Alors que l’hypertension atteint aujourd’hui des niveaux de prévalence comparables dans les pays à revenu faible et intermédiaire (PRFI) et les pays à revenu élevé, les défis liés à son suivi et à sa prise en charge restent majeurs, notamment dans les zones rurales et reculées. Au Kenya, dans le comté de Homa Bay, la prévalence est estimée à 21,4 % (2), avec un accès très limité au diagnostic, au traitement et au suivi. Dans ce contexte, l’introduction des combinaisons thérapeutiques en une seule pilule (Single Pill Combinations, SPC) et les recommandations de l’Organisation Mondiale de la Santé (OMS) pour une mise sous traitement simplifiée et décentralisée offrent une opportunité unique d’adapter les soins aux réalités de terrain.

« Les preuves s'accumulent en faveur des SPC pour améliorer l’adhésion thérapeutique, réduire la toxicité et les effets secondaires et donc maintenir une tension artérielle contrôlée, explique Jihane Ben Farhat, responsable de l’étude et épidémiologiste à Epicentre.
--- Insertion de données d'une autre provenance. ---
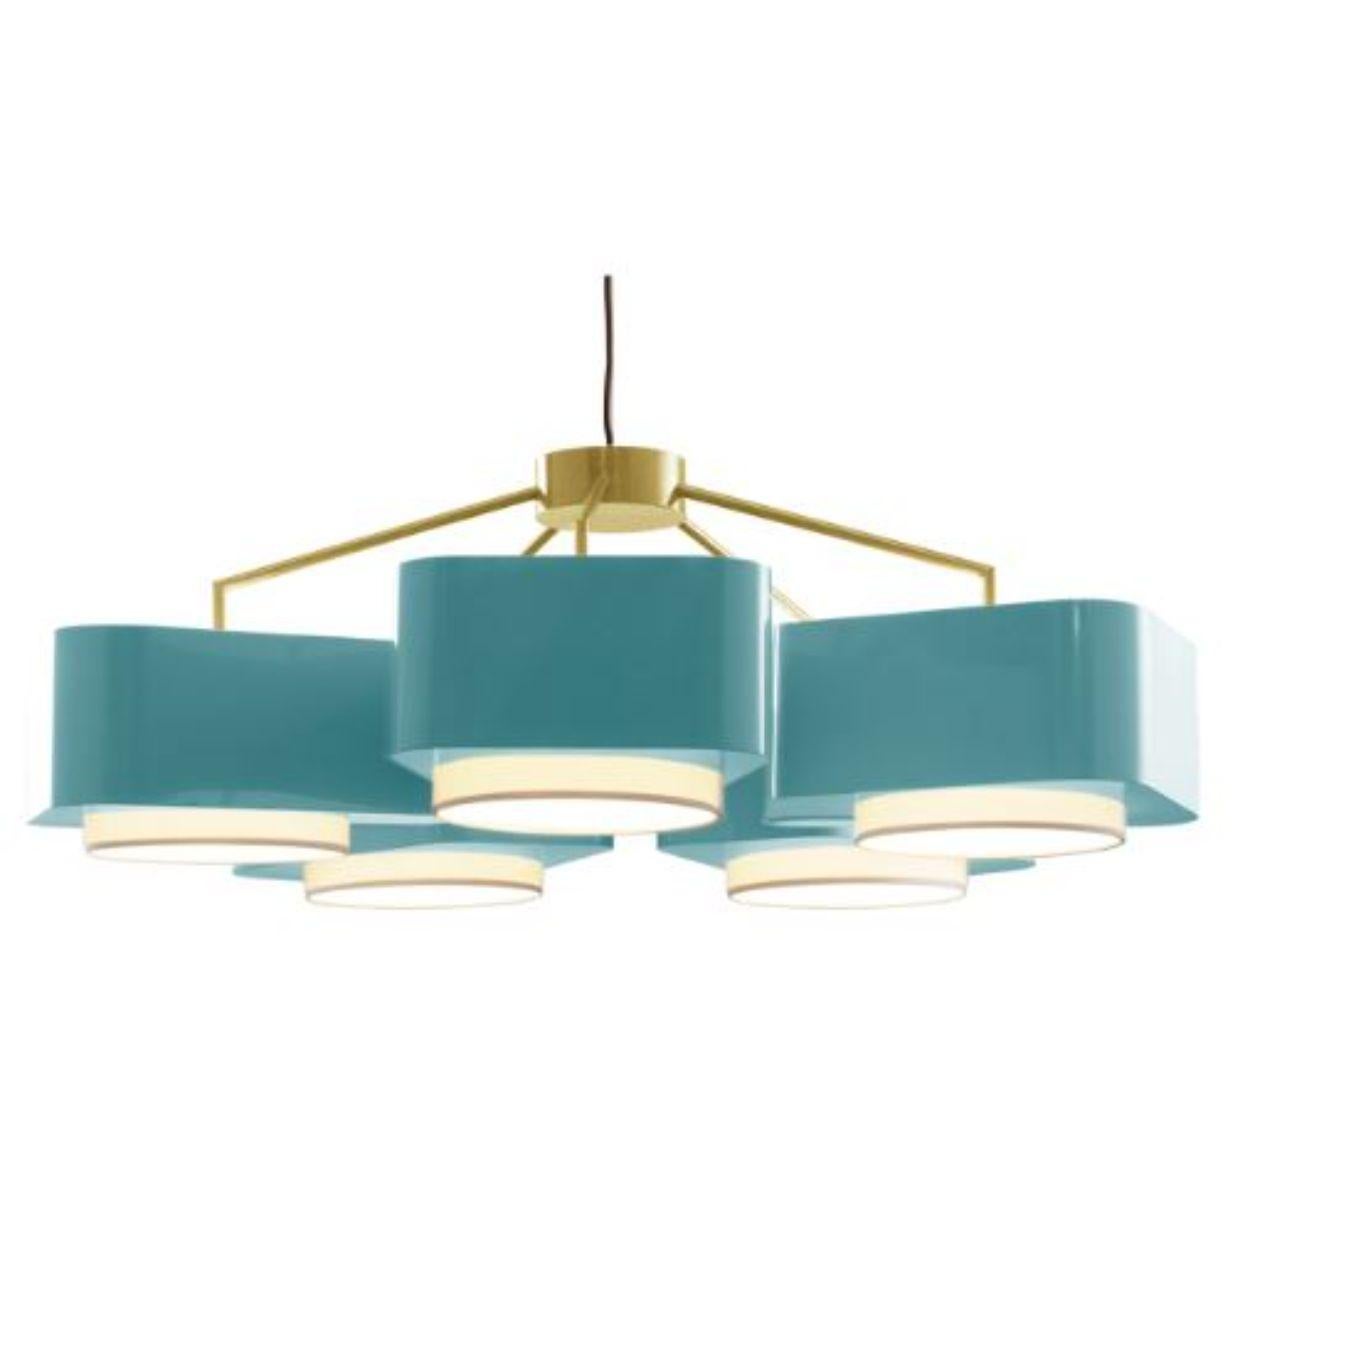 Jade and Cobalt Carousel Suspension Lamp by Dooq For Sale 2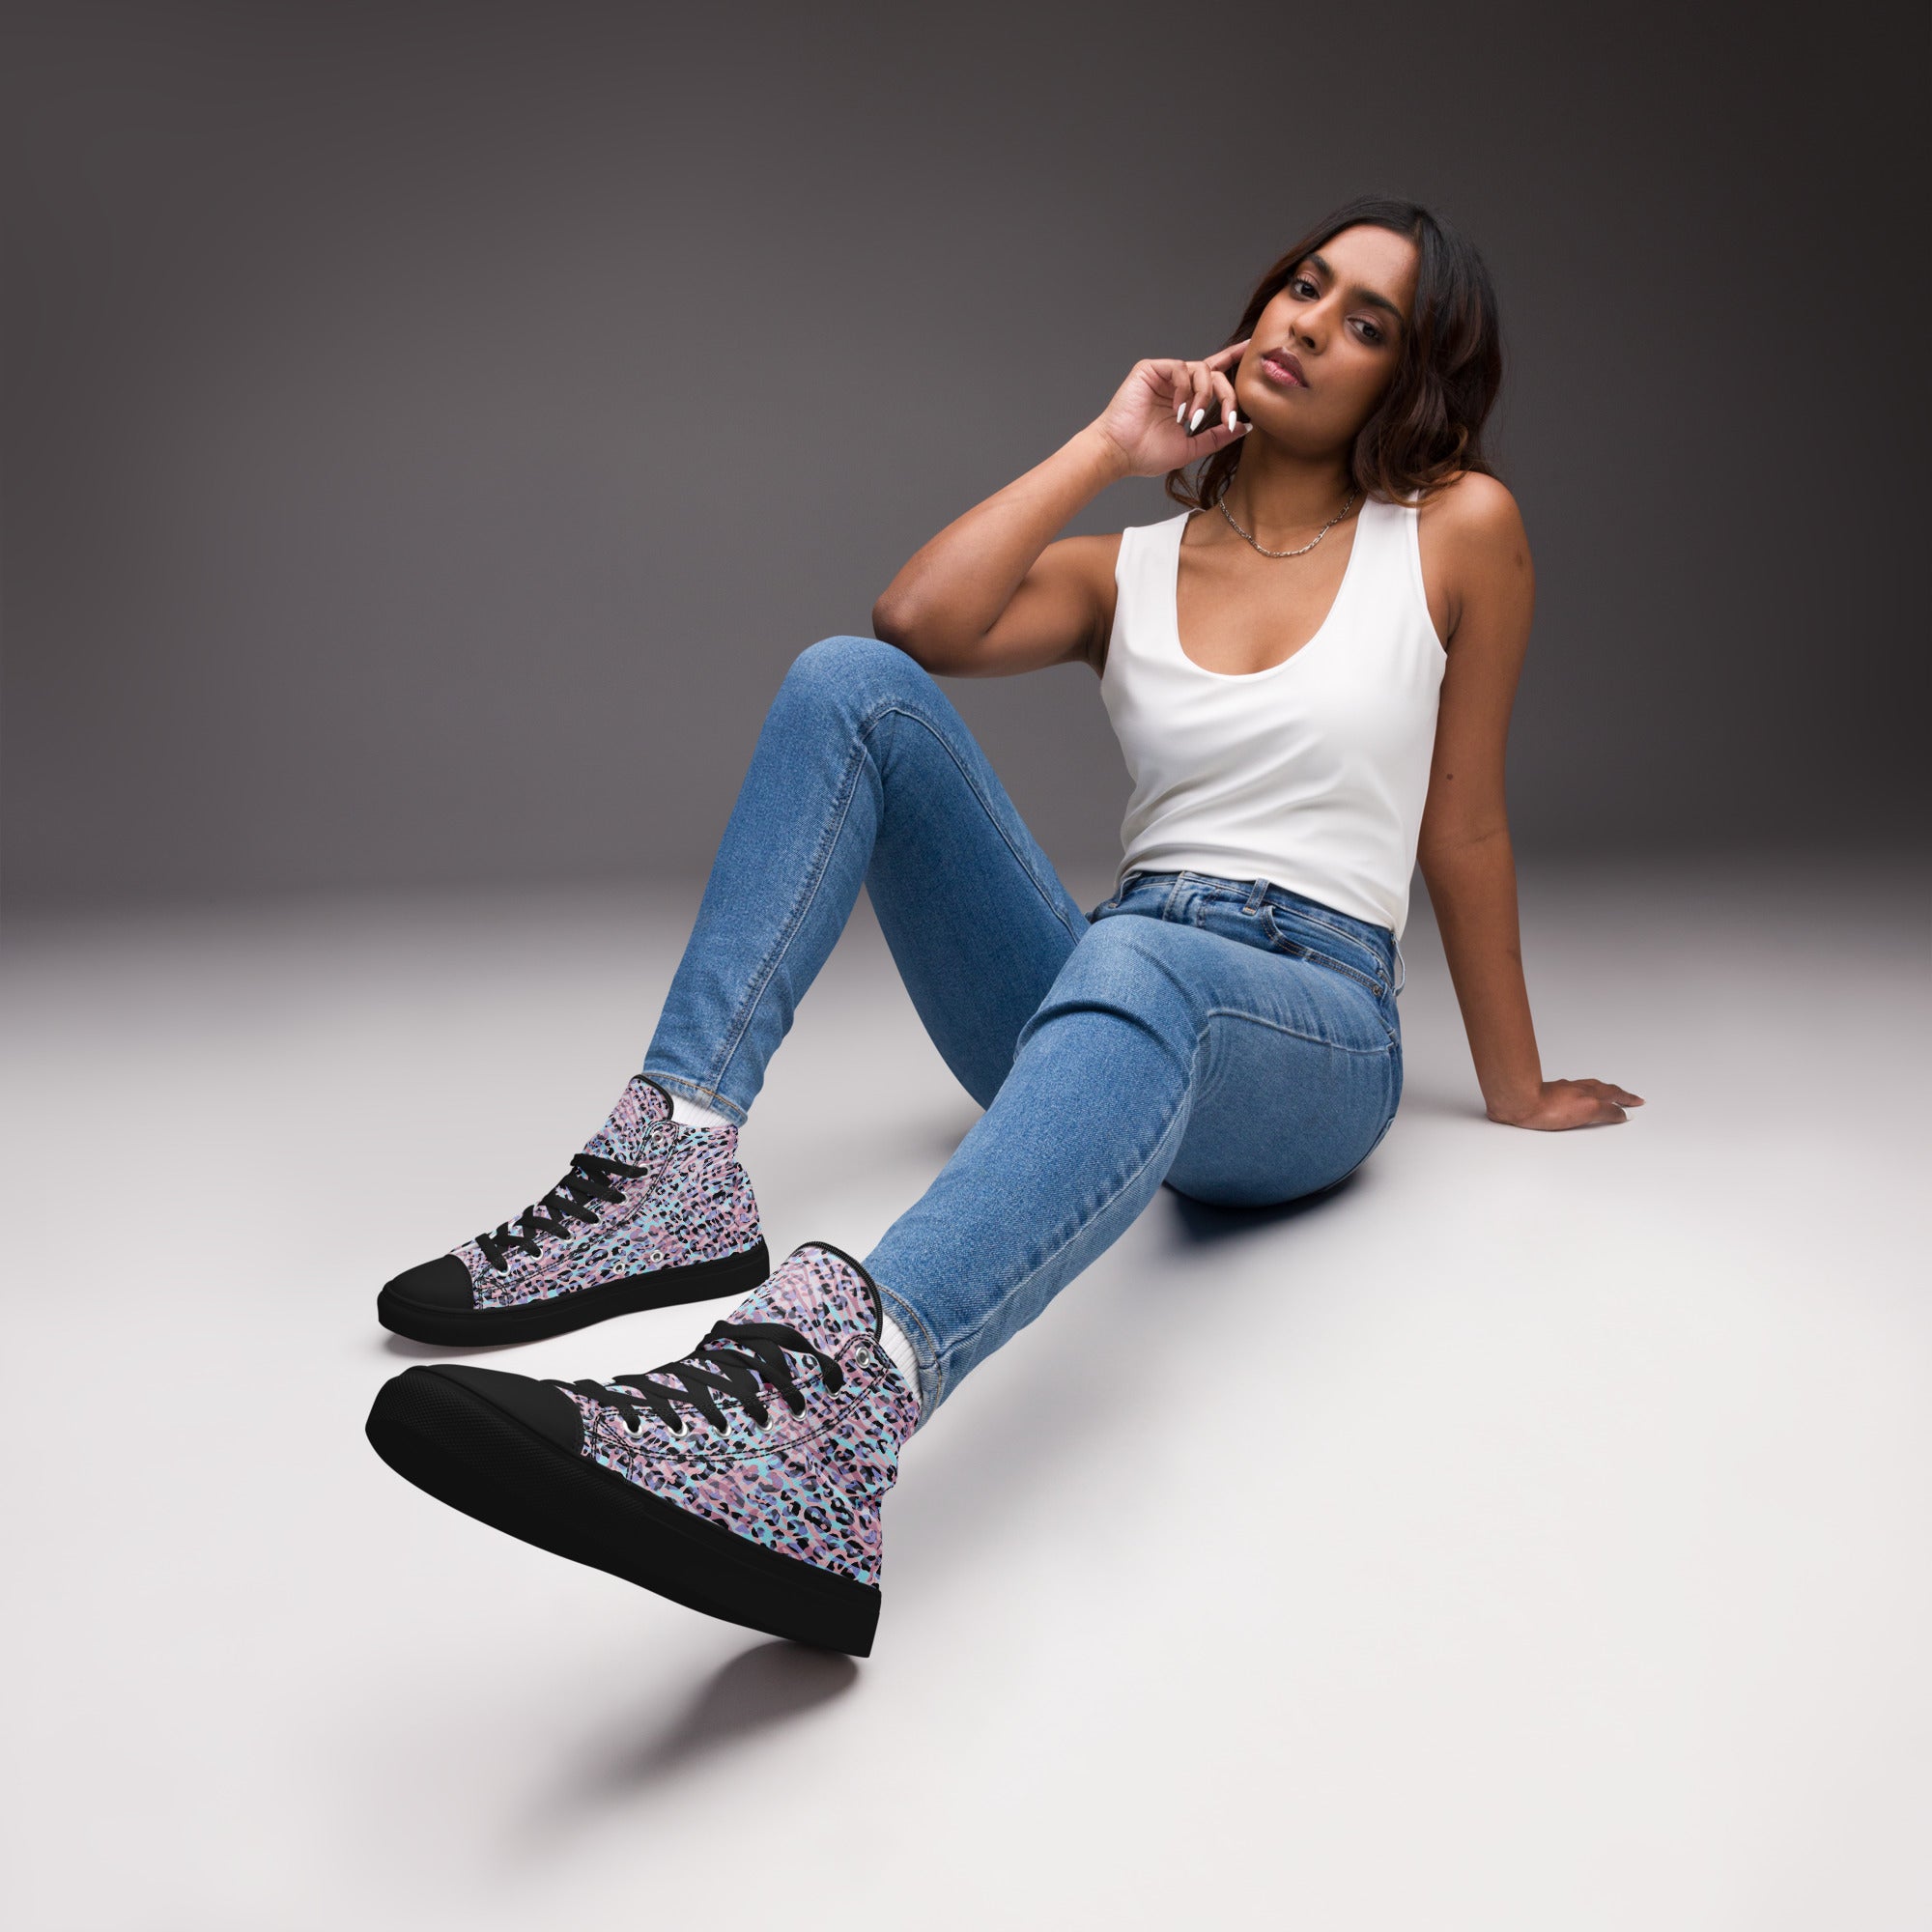 Women’s high top canvas shoes- Zebra and Leopard Print Pink with Cyan

Le Kenya a intégrées les SPC dans ses recommandations nationales dès 2018, mais leur mise en œuvre reste faible, en raison de leur disponibilité limitée et dans une moindre mesure du manque de ressources humaines qualifiées dans les zones rurales. » 

Face à ces obstacles, l’intégration des modèles différenciés de soins, inspirés des expériences réussies dans la lutte contre le VIH devrait favoriser leur déploiement. Ces modèles proposent une approche centrée sur le patient, combinant décentralisation du traitement, délégation des tâches et personnalisation du suivi. L’objectif : rendre les soins accessibles, adaptés et efficaces, même dans les contextes fragiles. L’expérience de MSF dans la mise en œuvre de modèles décentralisés pour le VIH à Homa Bay constitue en outre une base solide pour expérimenter ces approches dans la prise en charge de l’hypertension. 

Dans le cadre de cette étude, plusieurs modèles de suivi sont proposés aux personnes vivant avec une hypertension stabilisée (condition requise pour être éligible à l’étude) :

  • Suivi standard : une consultation individuelle avec une infirmière tous les trois mois.
  • Renouvellement rapide en pharmacie : récupération des traitements tous les trois mois auprès d’un pharmacien, avec des conseils individualisés. En cas de symptômes, le patient est orienté vers une infirmière.
  • Suivi communautaire en groupe au centre de santé : remise des traitements, information et mesure de la tension artérielle tous les trois mois, en groupe, par une personne bénévole en santé communautaire au centre de soins.
  • Suivi communautaire délocalisé : même dispositif que ci-dessus, mais réalisé au sein d’un groupe de patients vivant dans une même région, afin de réduire les déplacements jusqu’au centre de santé.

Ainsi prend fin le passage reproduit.